• [Data provided]:
⁂

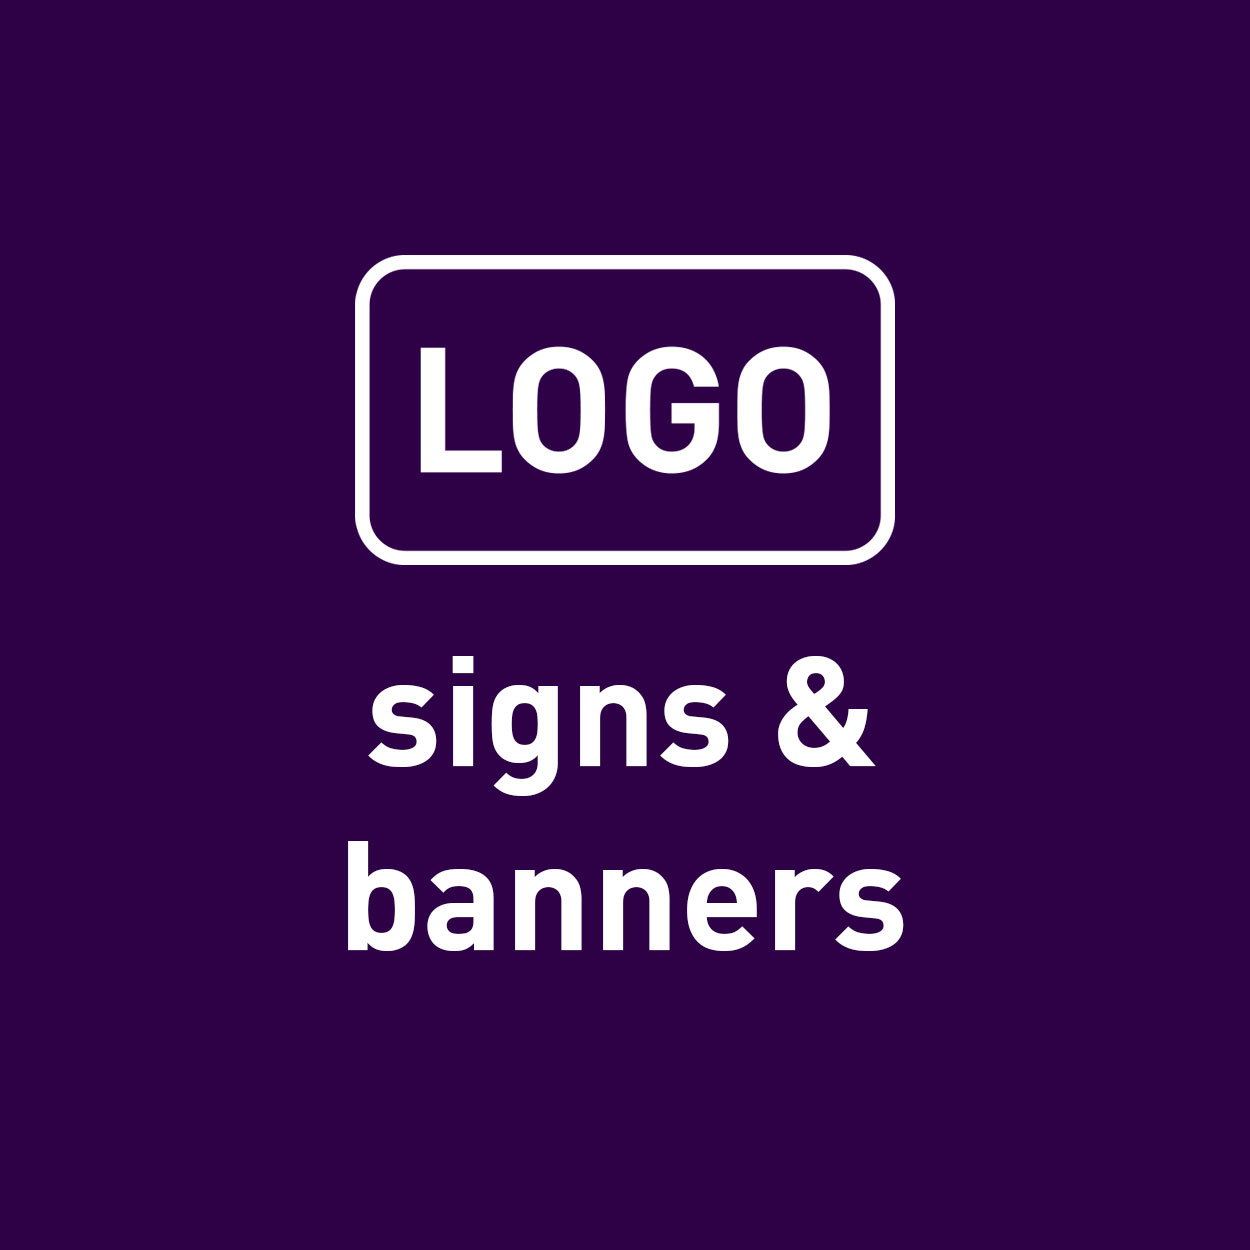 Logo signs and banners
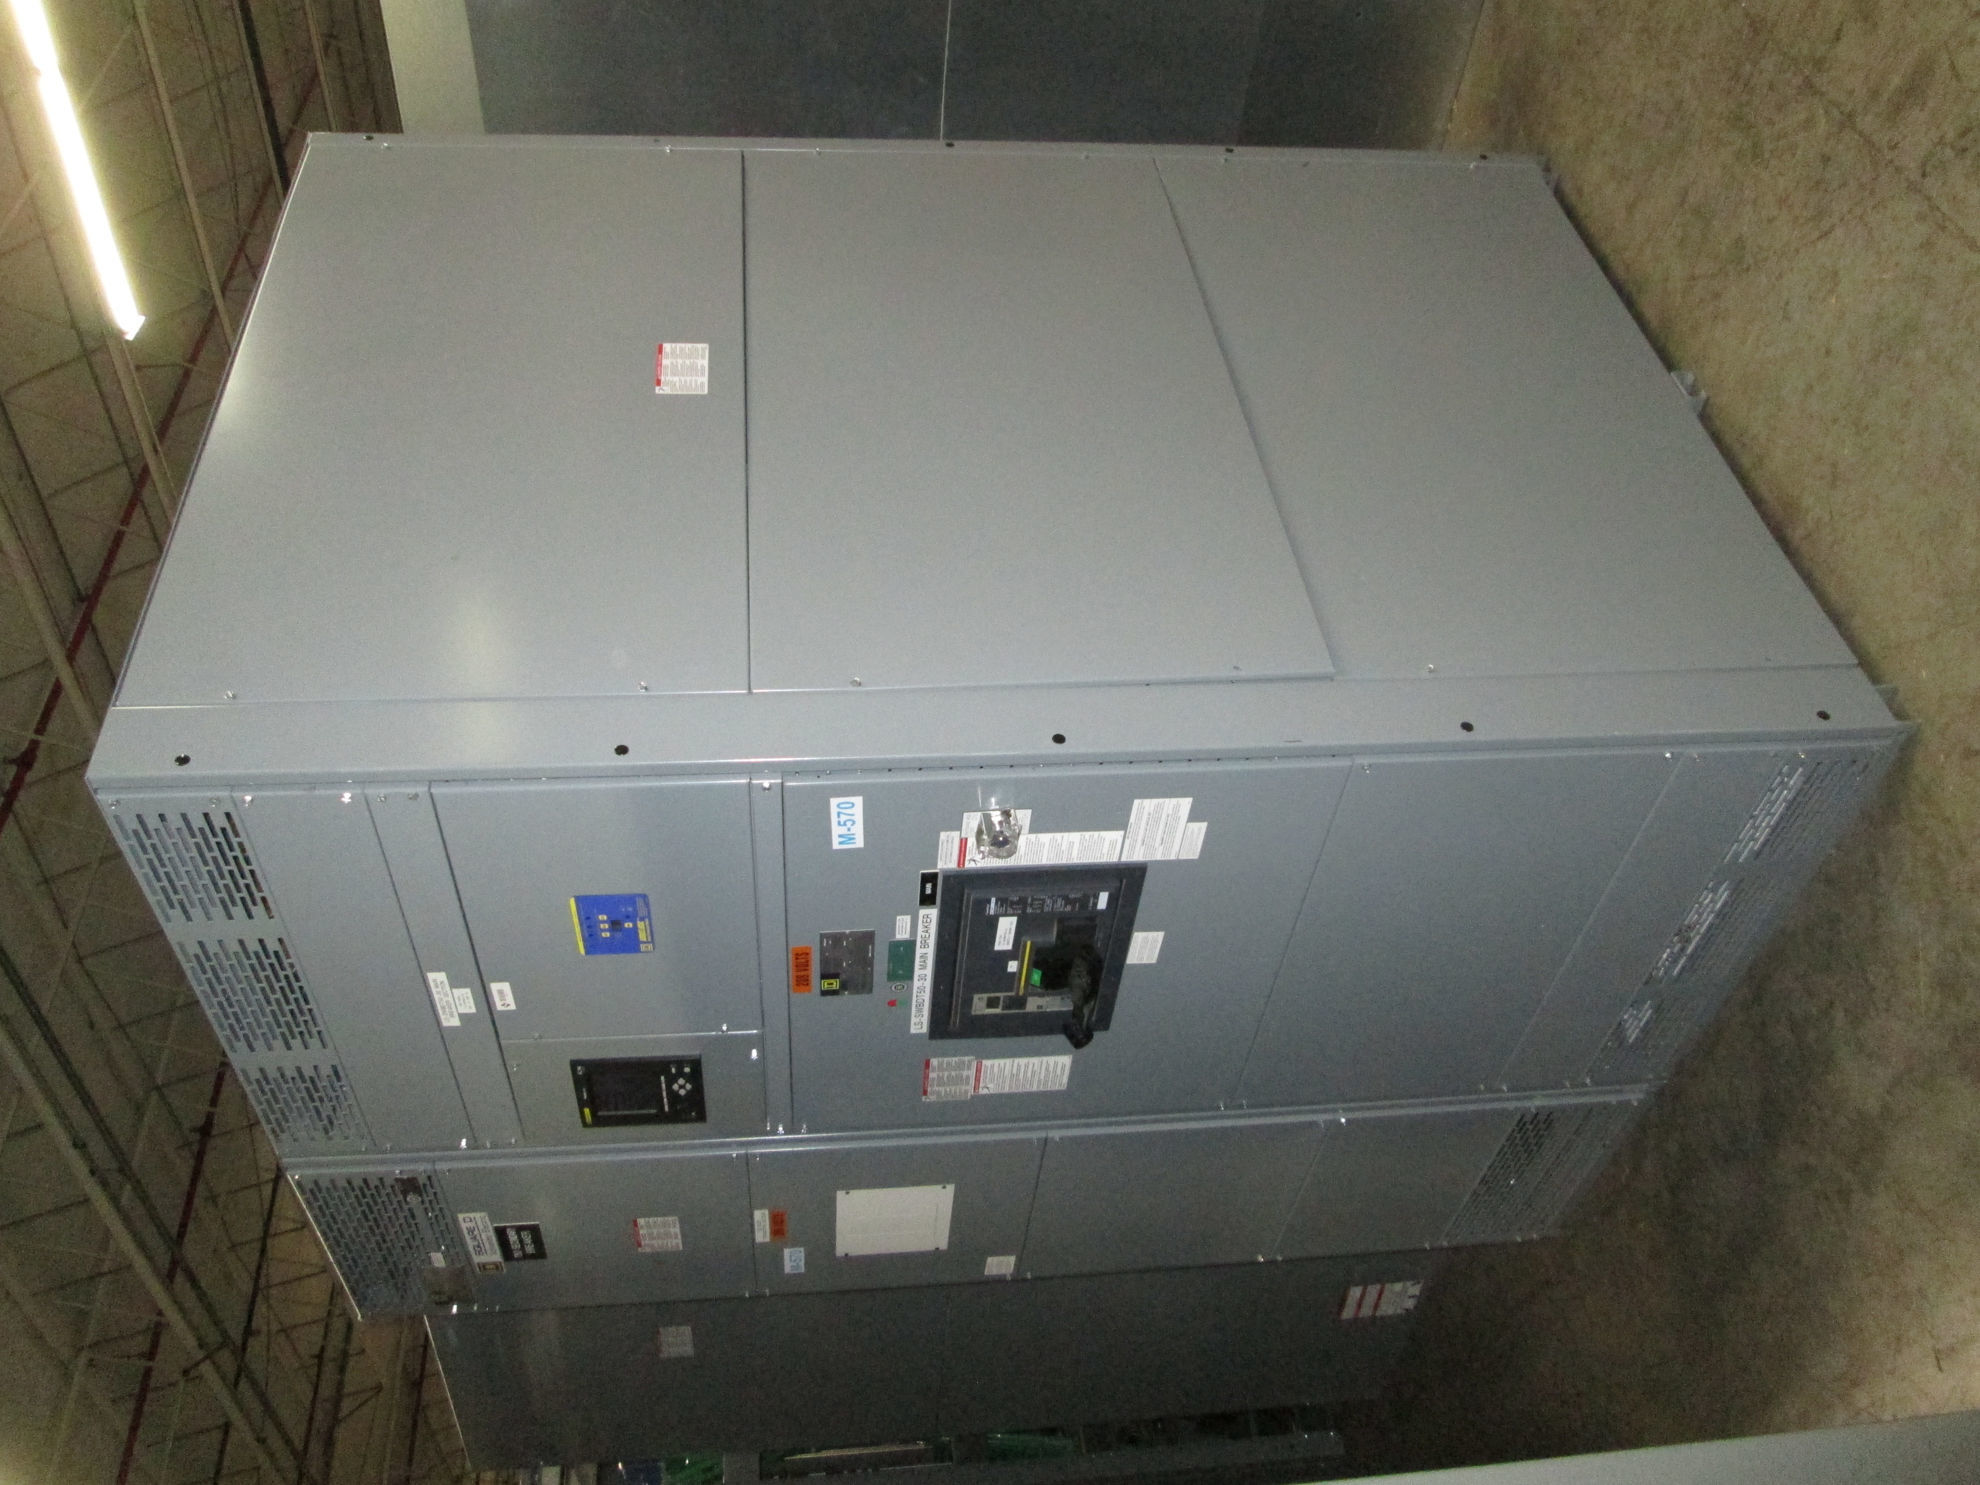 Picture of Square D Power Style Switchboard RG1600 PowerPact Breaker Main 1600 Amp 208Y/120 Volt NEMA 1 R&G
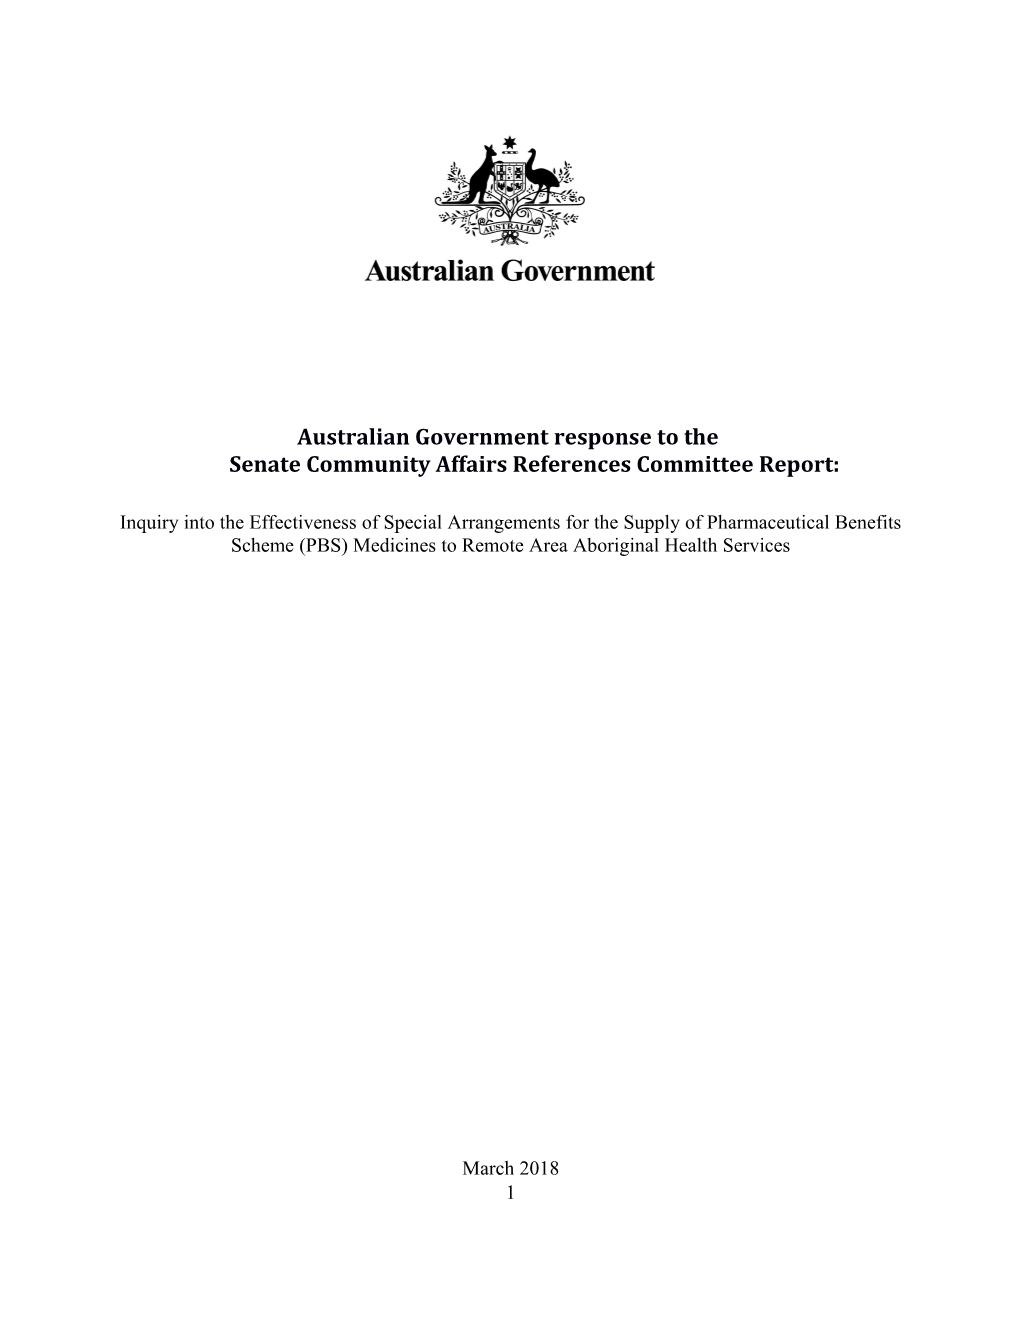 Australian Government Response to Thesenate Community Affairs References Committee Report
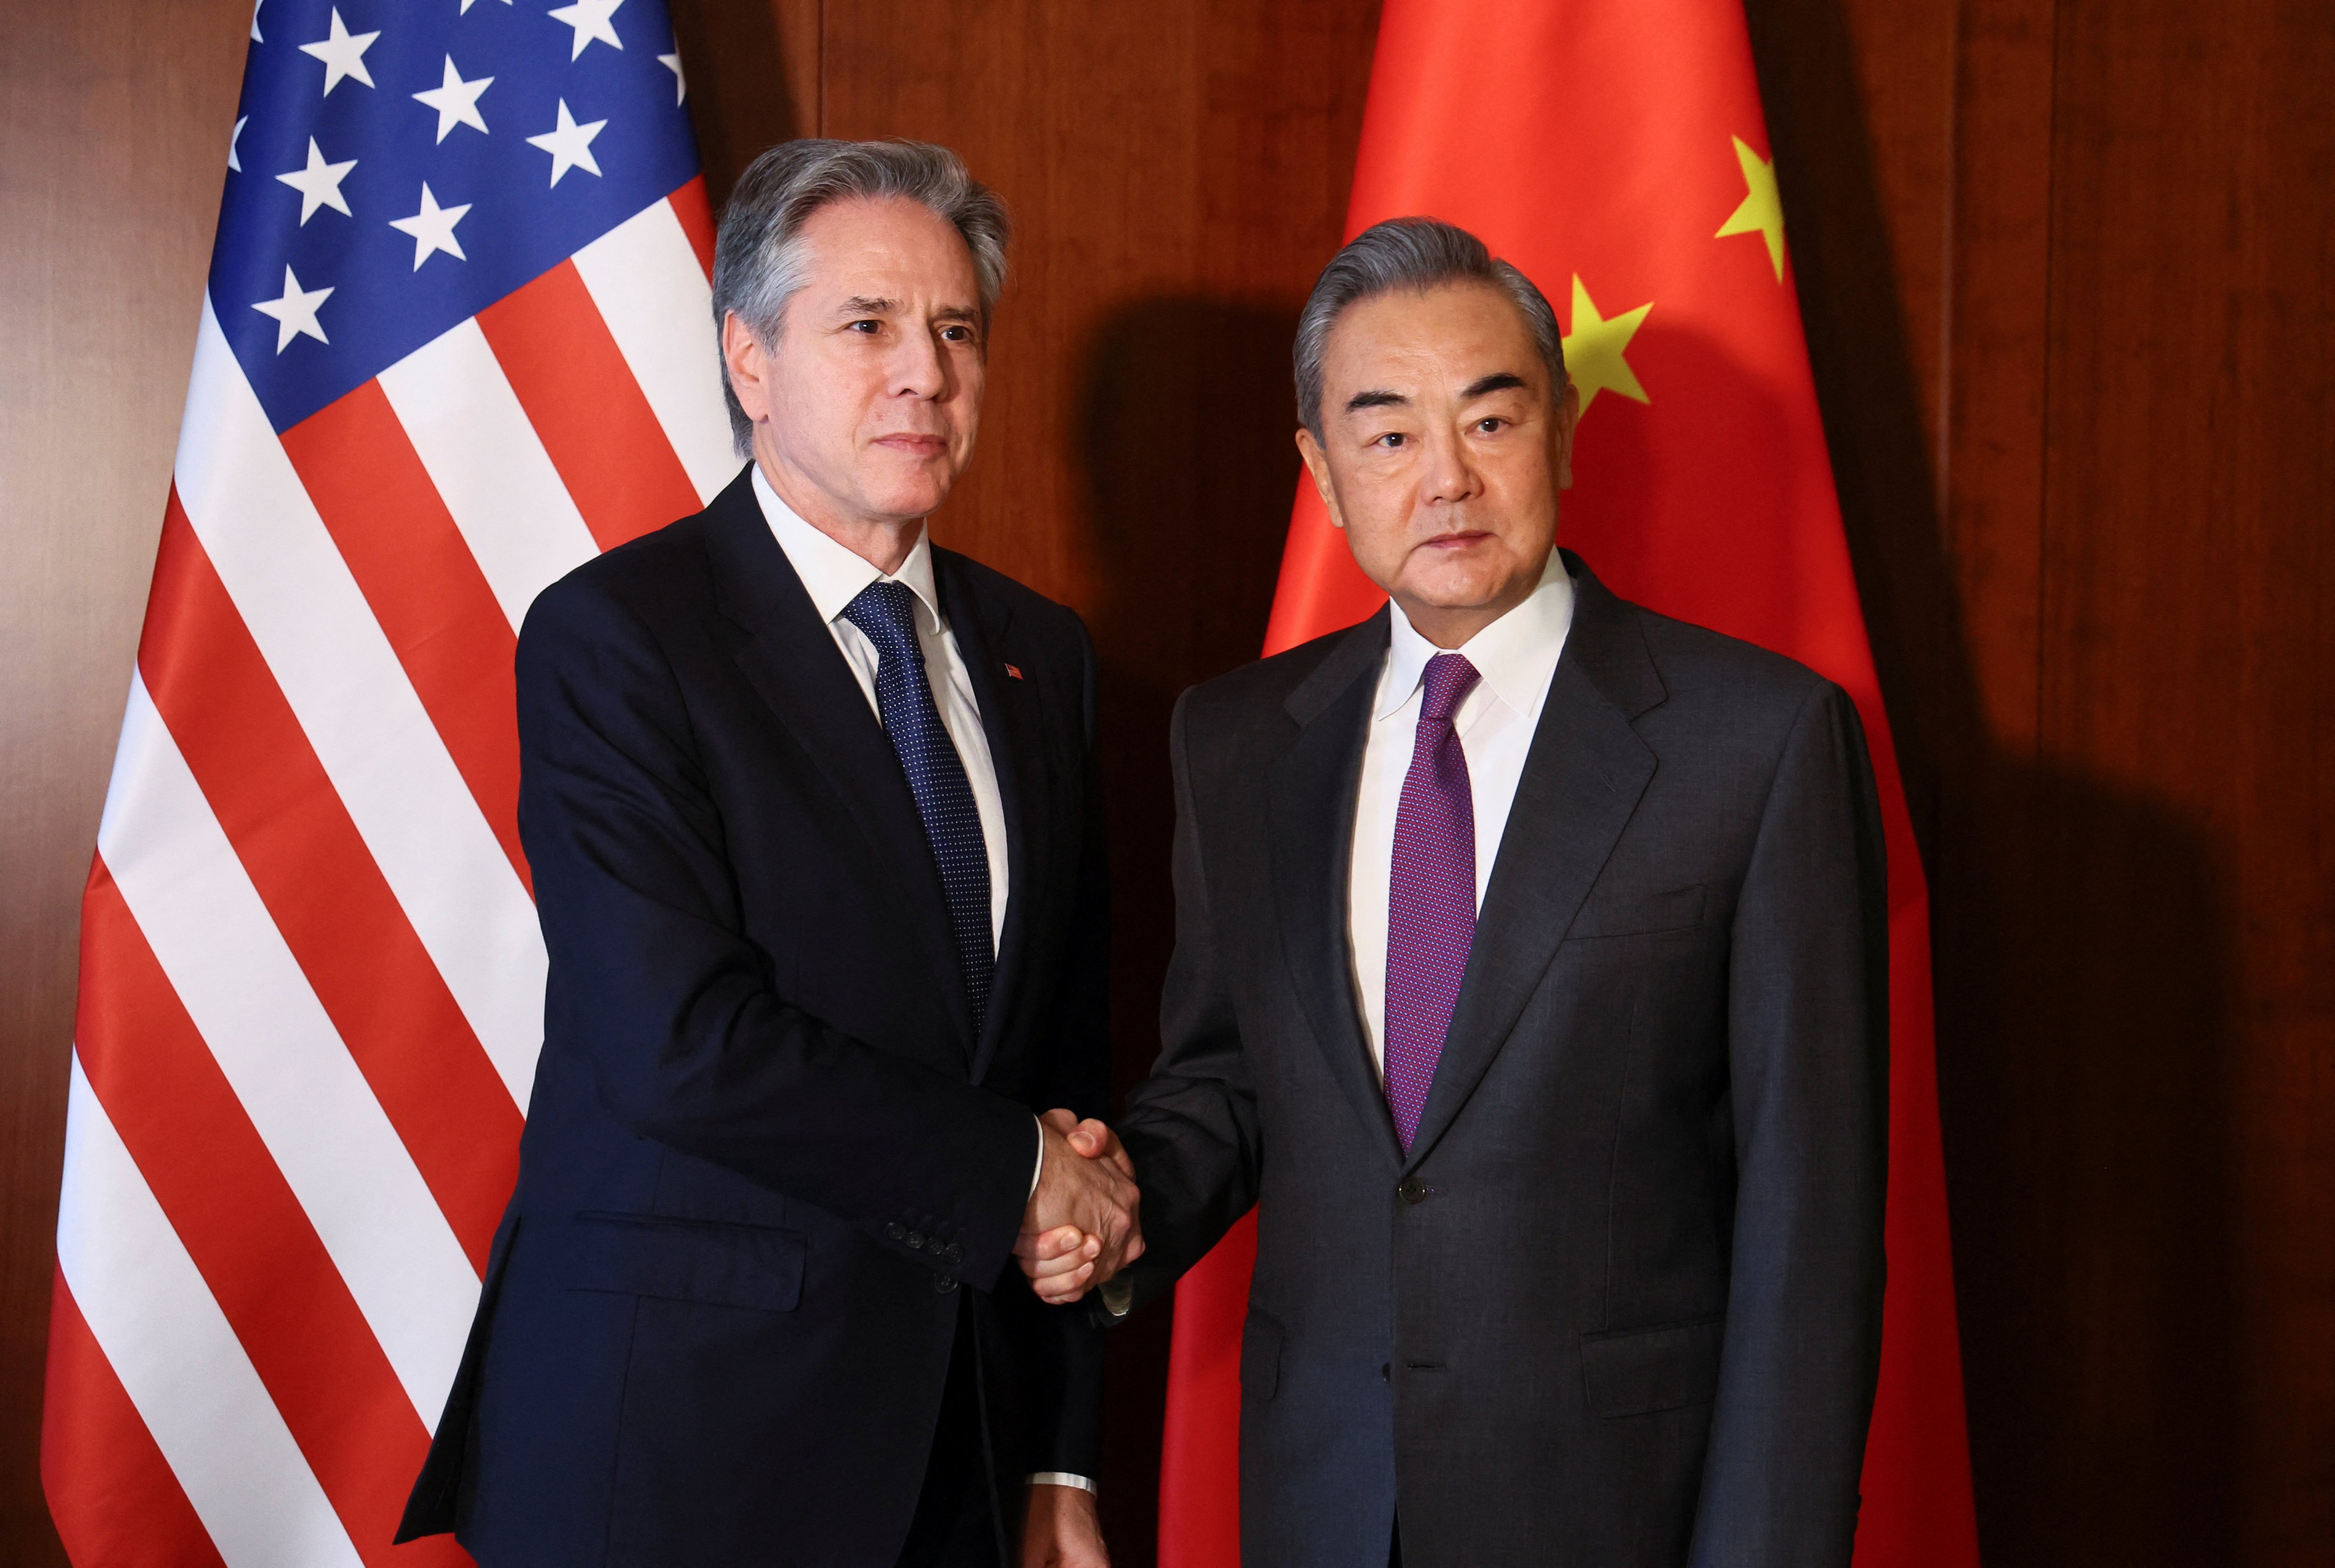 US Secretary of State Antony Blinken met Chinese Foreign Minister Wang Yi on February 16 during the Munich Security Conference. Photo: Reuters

⁂

• [Task objective]:
Would you copy out all the data exactly, without the images?

• [Task solution]:
 Logo signs and banners
 Picture of Square D Power Style Switchboard RG1600 PowerPact Breaker Main 1600 Amp 208Y/120 Volt NEMA 1 R&G
 Australian Government Response to Thesenate Community Affairs References Committee Report
 US Secretary of State Antony Blinken met Chinese Foreign Minister Wang Yi on February 16 during the Munich Security Conference. Photo: Reuters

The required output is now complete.